Task details
From the line with "France - 10法郎金币，拿破仑三世，1867年巴黎，安装在吊坠上。" to the line with "- 10法&hellip;", output every line below exactly, both ends included. Skip the pictures.

(Available records)

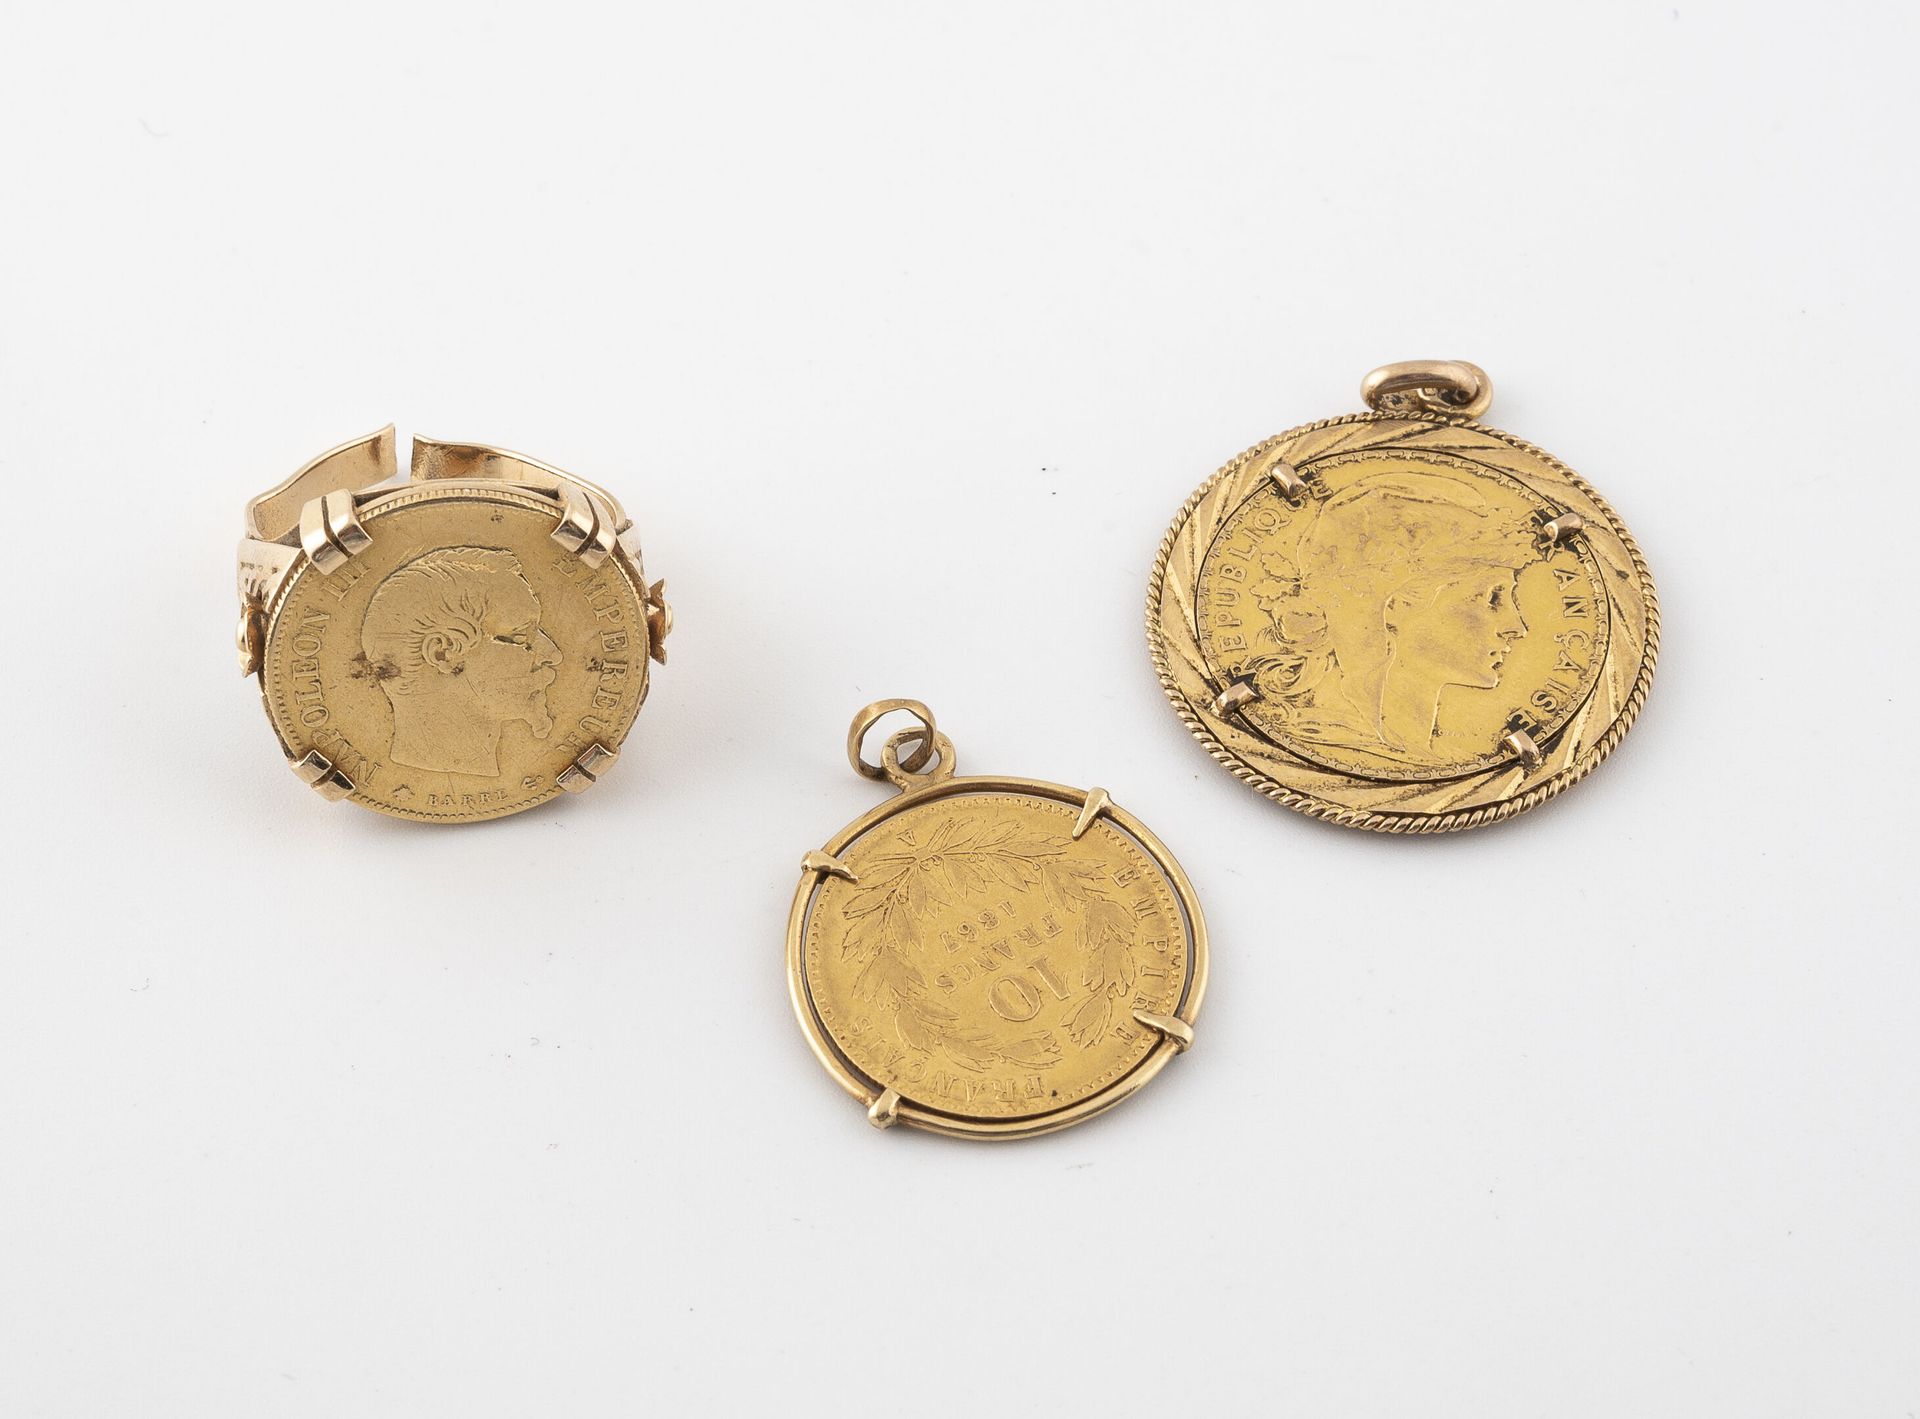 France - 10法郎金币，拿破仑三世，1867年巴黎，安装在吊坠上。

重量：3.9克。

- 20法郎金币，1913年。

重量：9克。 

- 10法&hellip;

(End Available records)
(Available records)

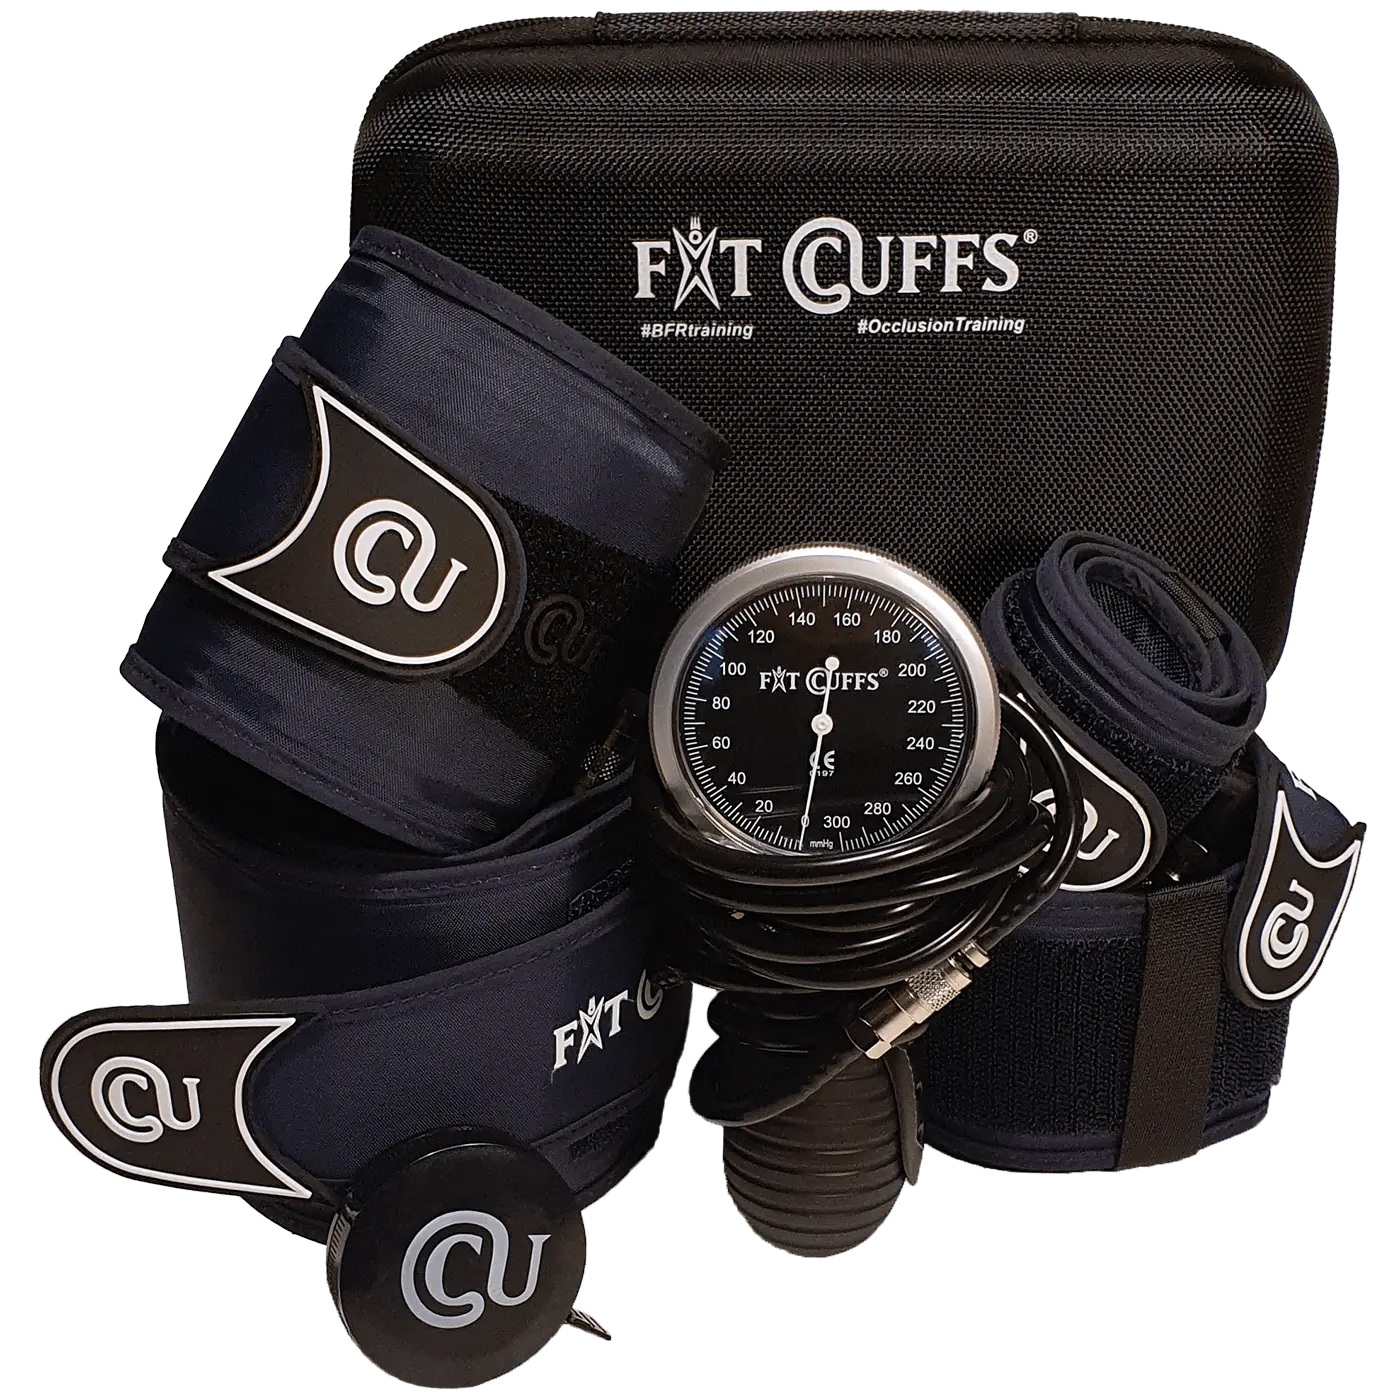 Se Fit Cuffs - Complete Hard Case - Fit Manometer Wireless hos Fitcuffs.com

(End Available records)

Exercise result
 France - 10法郎金币，拿破仑三世，1867年巴黎，安装在吊坠上。

重量：3.9克。

- 20法郎金币，1913年。

重量：9克。 

- 10法&hellip;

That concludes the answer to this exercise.